What you should do:
Your output should be the lines below from the one with "Hex Nuts & Flat" through the one with "drawing for LIEBHERR", copied exactly, pictures excluded.

Information given:
....
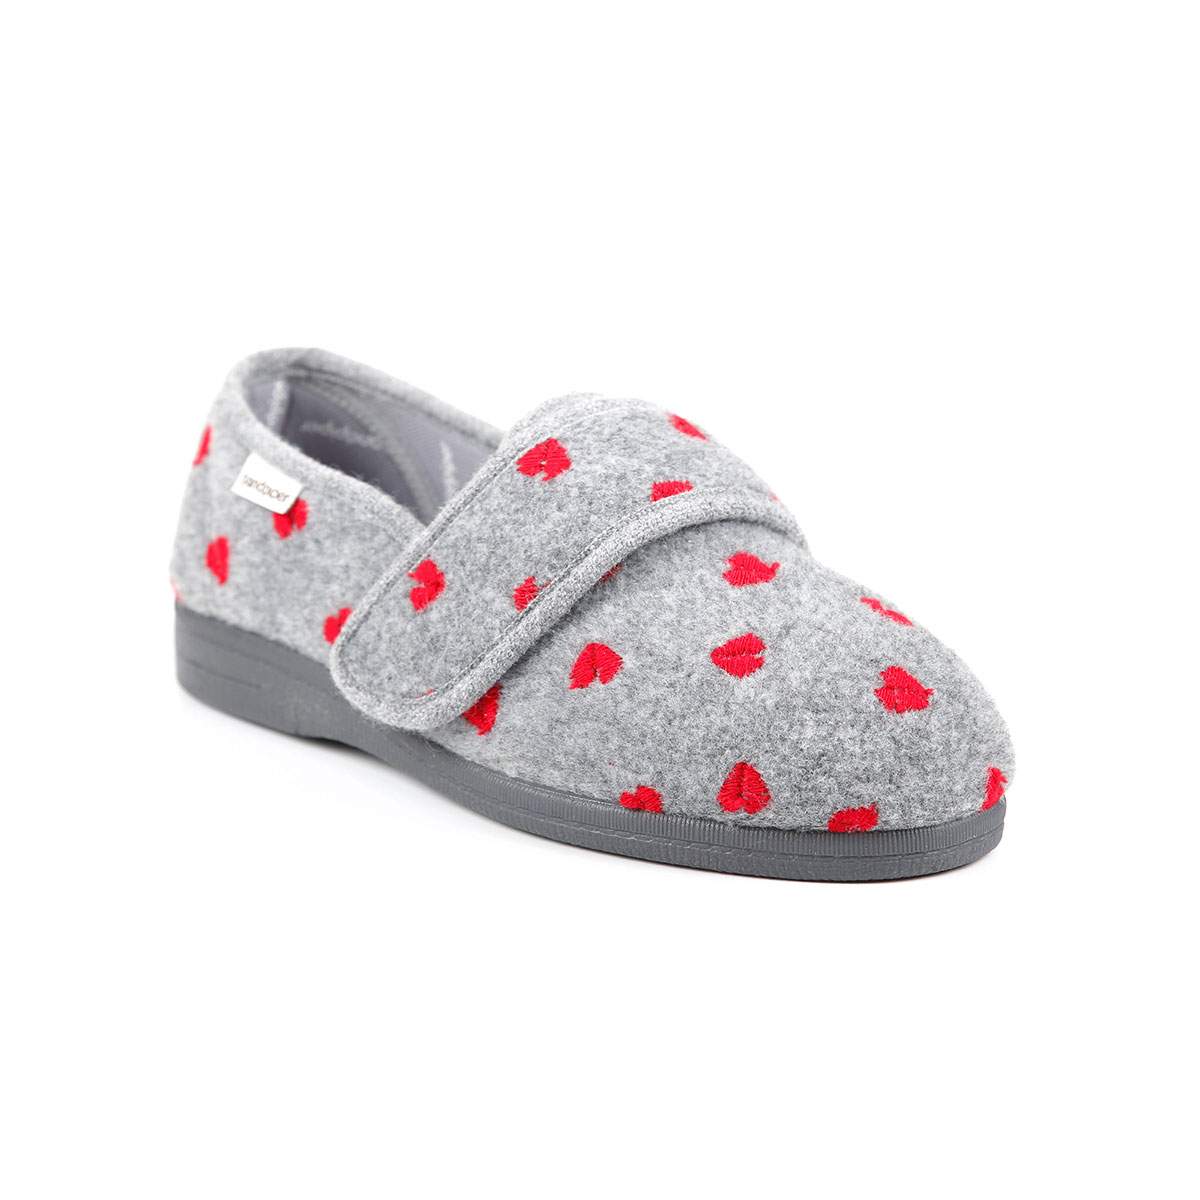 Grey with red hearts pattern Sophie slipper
....
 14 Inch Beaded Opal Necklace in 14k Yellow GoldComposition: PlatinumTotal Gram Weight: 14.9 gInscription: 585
....
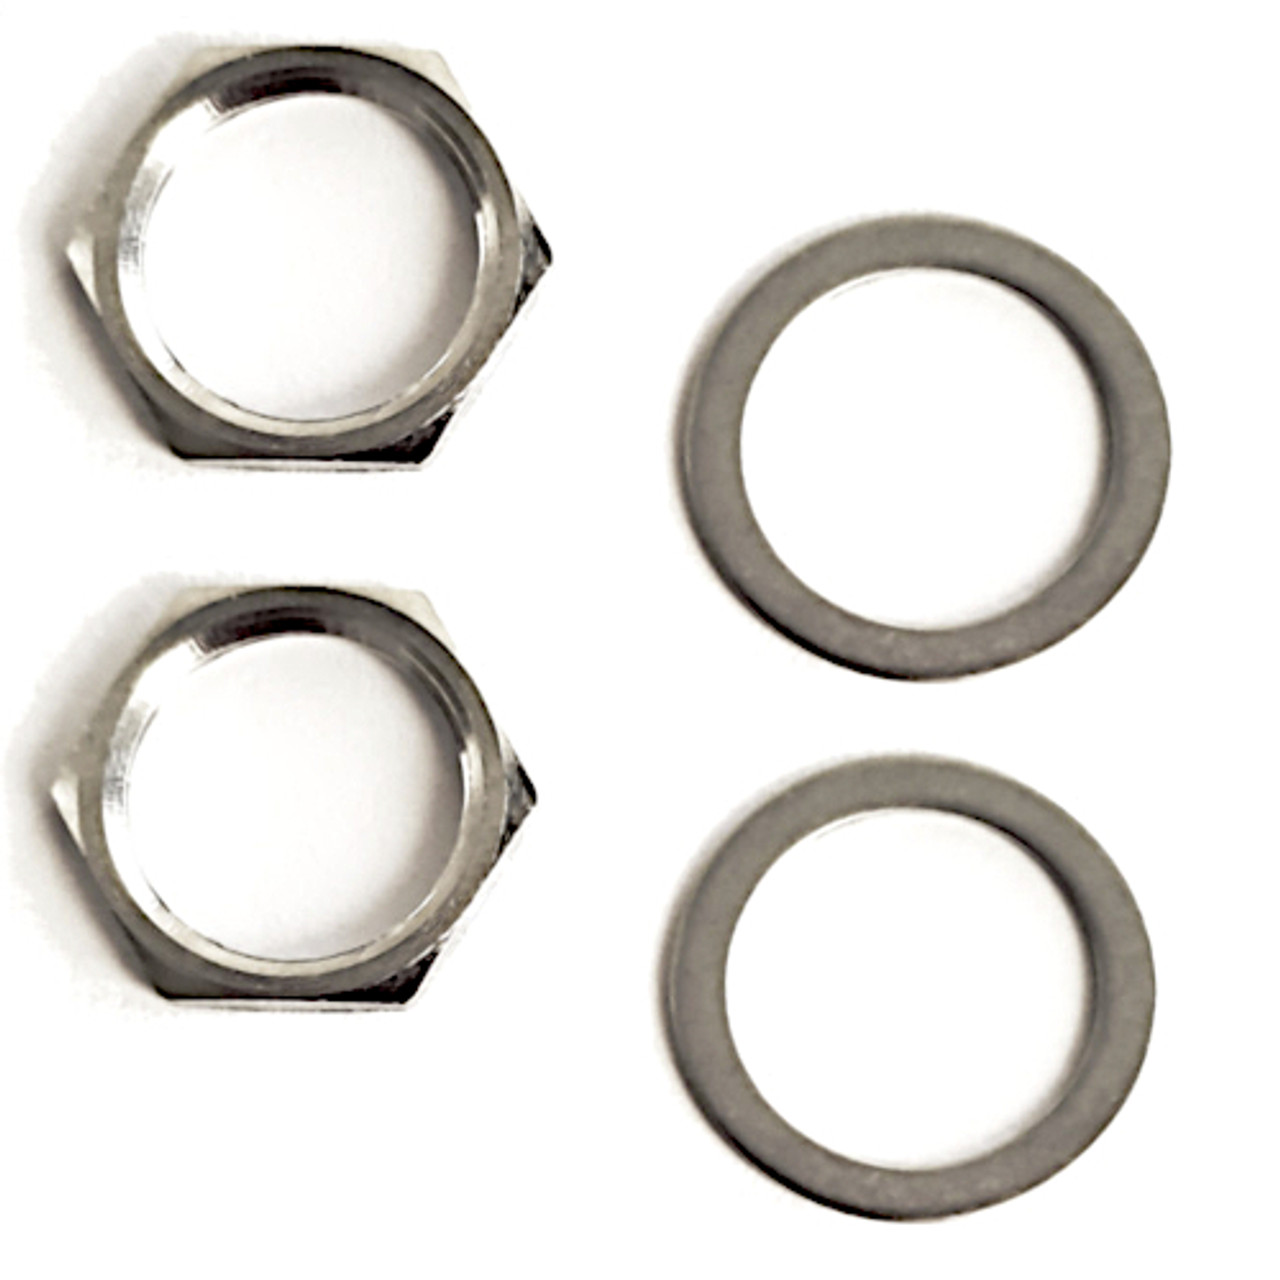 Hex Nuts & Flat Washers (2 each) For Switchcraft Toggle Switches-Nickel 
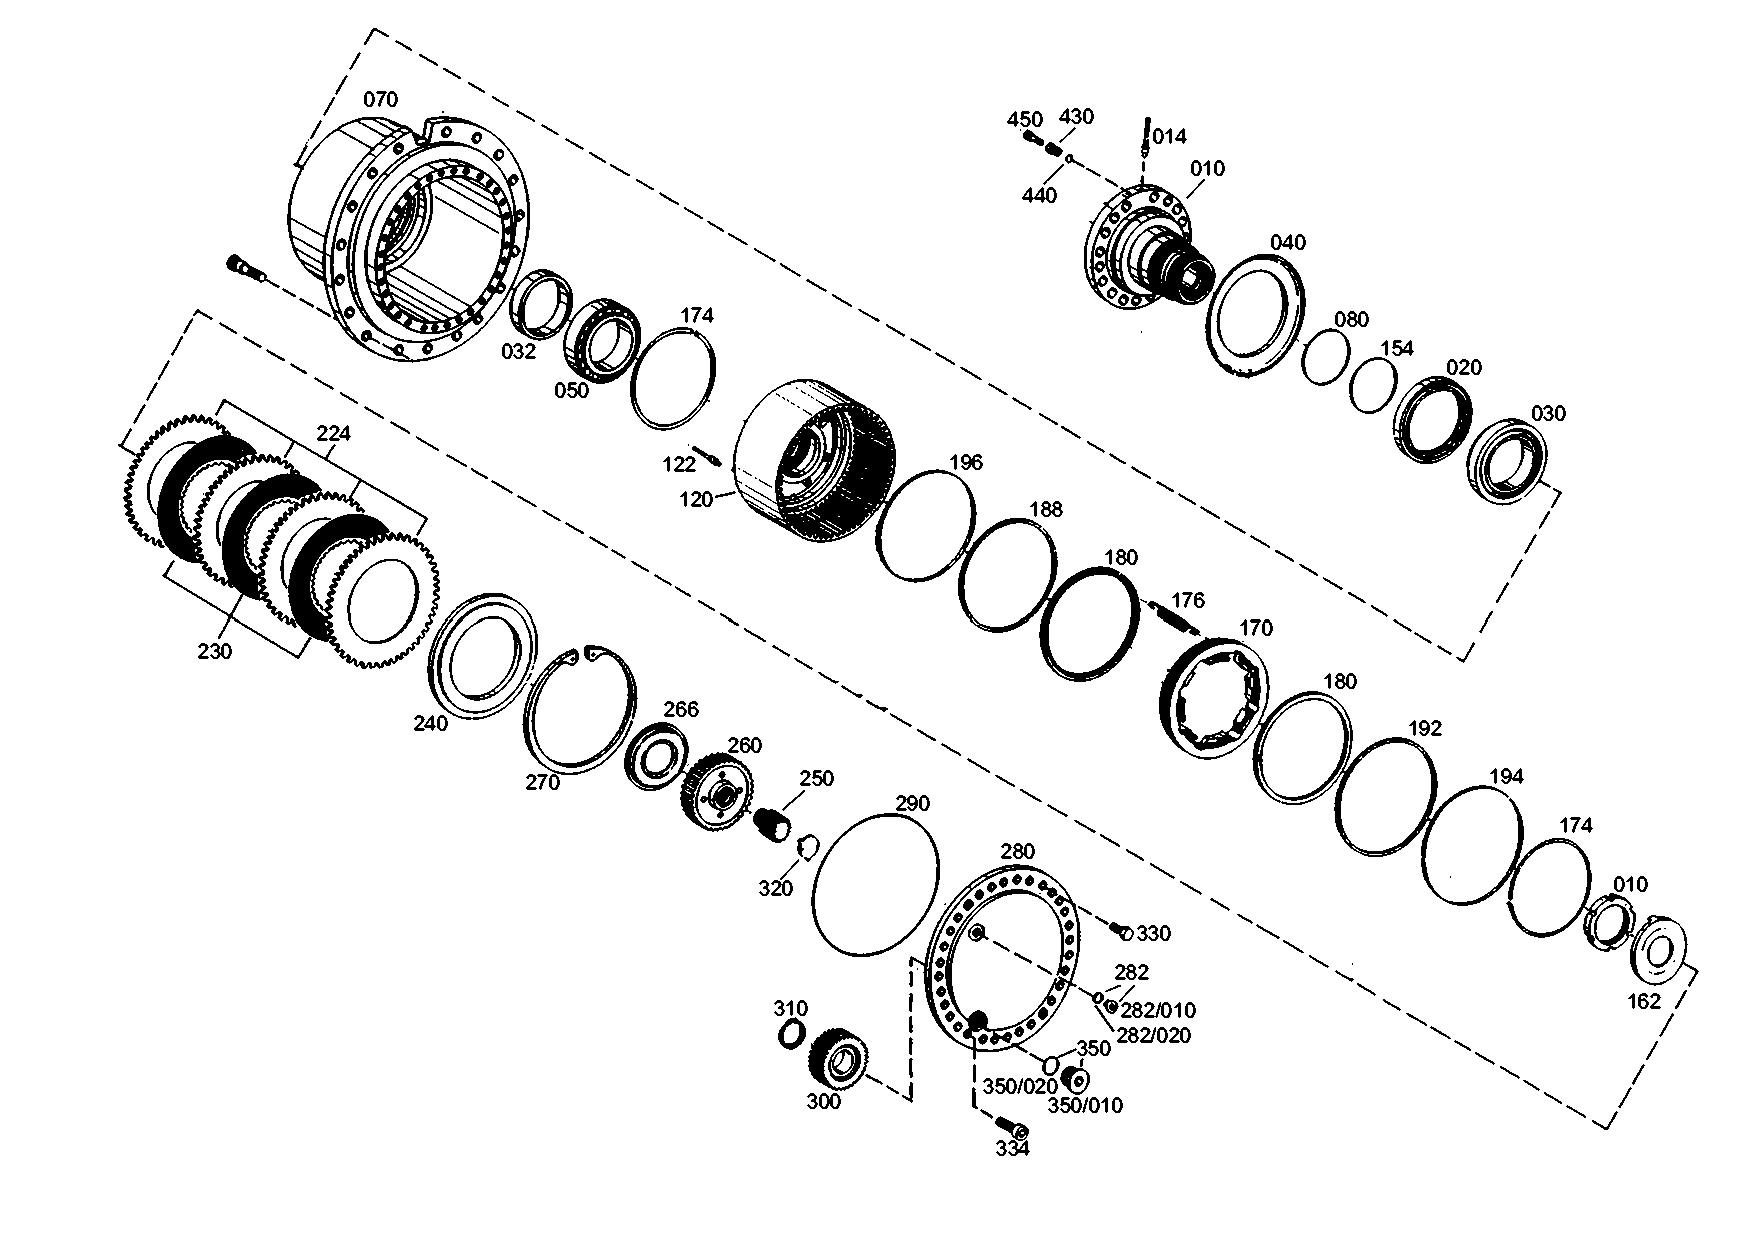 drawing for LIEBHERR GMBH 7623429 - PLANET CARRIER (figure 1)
....
Answer area:
 Hex Nuts & Flat Washers (2 each) For Switchcraft Toggle Switches-Nickel 
 drawing for LIEBHERR GMBH 7623429 - PLANET CARRIER (figure 1)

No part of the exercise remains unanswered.